In der Zwischenzeit hat manches Start-up-Unternehmen Insekten als neuen Ernährungstrend für sich entdeckt. Die Münchner Firma Wicked Cricket vermarktet Delikatessen wie Grillen mit rosa Pfeffer, Wildkräutern, Chili oder Zimt und Zucker. Der Hype hat seinen Preis: Die 15-Gramm-Tütchen mit den Heimchen kosten knapp fünf Euro. Die Grillen werden auch nicht pulverisiert, sondern im Stück angeboten. „Nur die Beine verarbeiten wir nicht“, zitiert die Lebensmittelzeitung den Wicked-Cricket-Manager Michael Günter. Von den Käufern, meist 25- bis 35-jährige Männer, werde der Verzehr „häufig als Mutprobe angesehen“. Entsprechend liegt der Jahresumsatz auch nur im niedrigen vierstelligen Bereich.

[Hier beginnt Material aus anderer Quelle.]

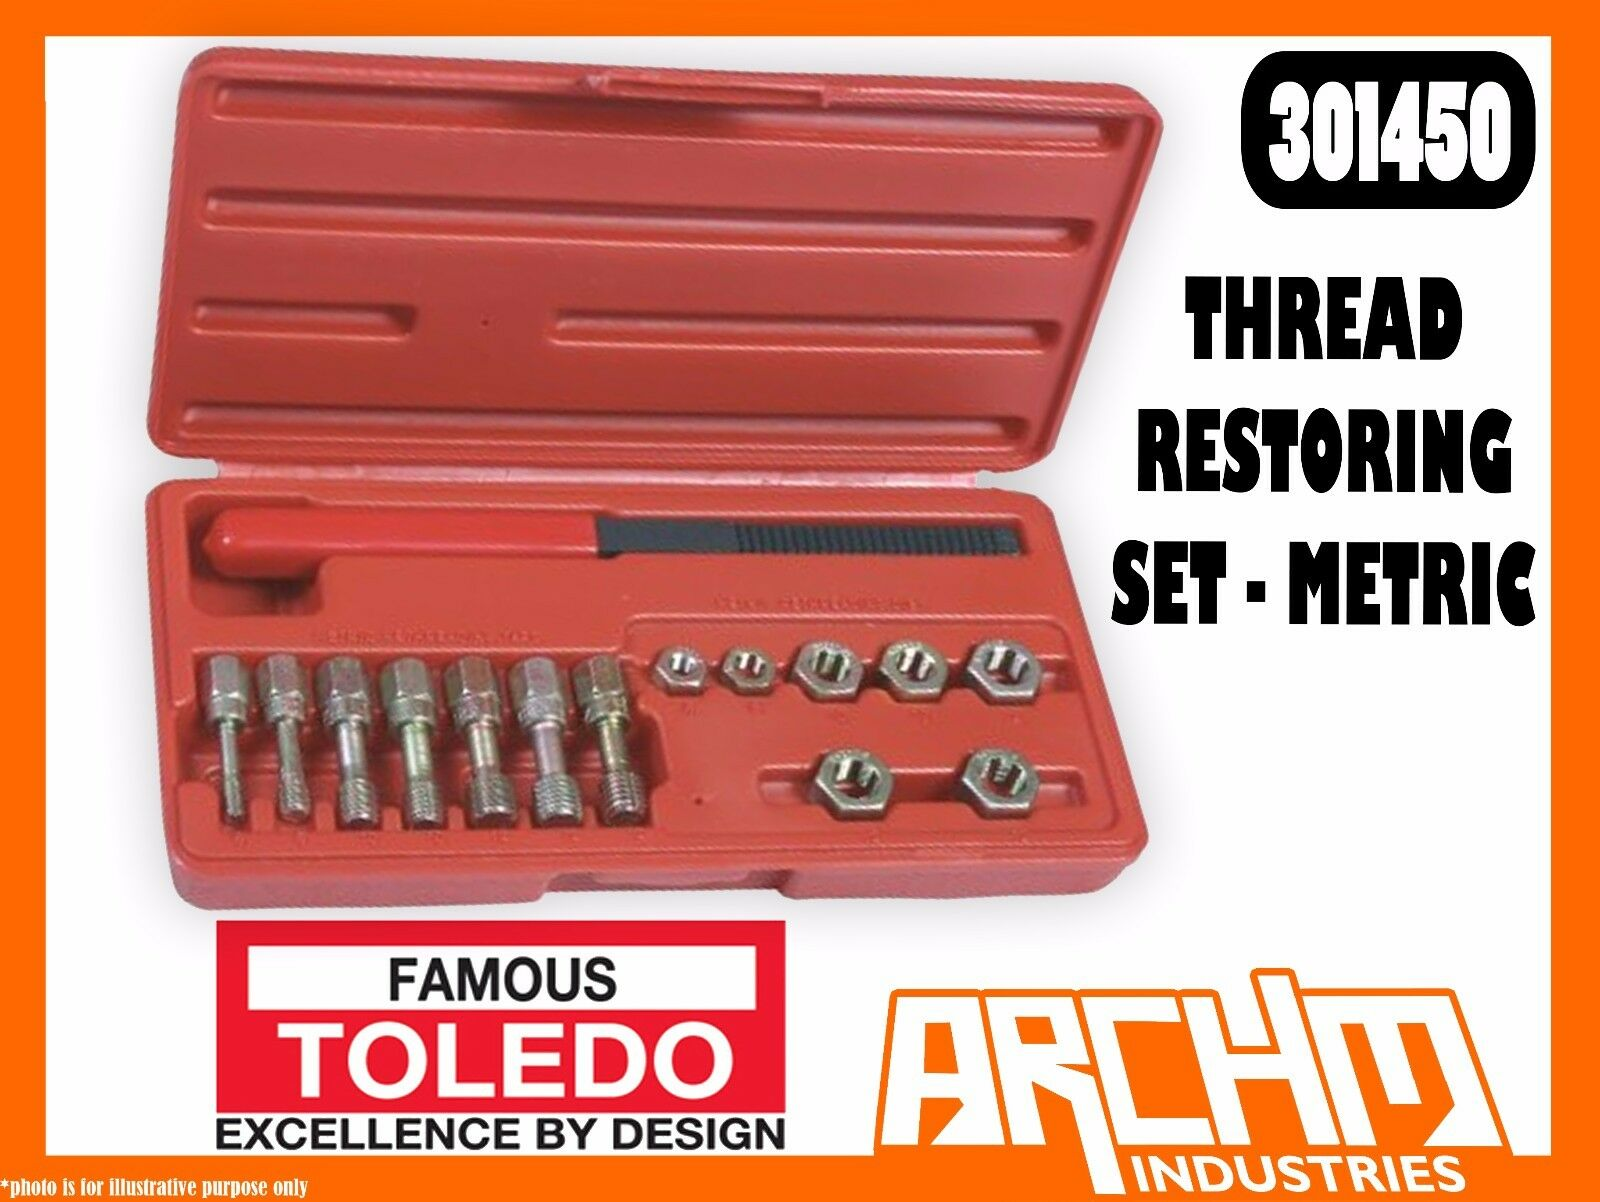 TOLEDO 301450 - THREAD RESTORING SET - METRIC - DAMAGED WORN CORRODED

Dabei scheinen laut einer Umfrage des Meinungsforschungsinstituts You-Gov vom Juni 2021 viele Europäer gar nicht so abgeneigt, die proteinreichen Krabbeltiere zu kosten. Unter den Europäern scheinen Deutsche und Franzosen für diese Idee am empfänglichsten zu sein: Laut der Umfrage gibt fast jeder Fünfte ab 18 Jahren an, dass er bereit sei, gekochte Insekten zu konsumieren (19 Prozent). Etwa jeder Vierte würde zustimmen, Lebensmittel zu konsumieren, deren Zutaten Insekten enthalten. In Italien wären 17 Prozent der Befragten bereit, Gerichte zu essen, die Insekten enthalten. 13 Prozent erklärten, am Stück zubereitete Insekten zu verspeisen.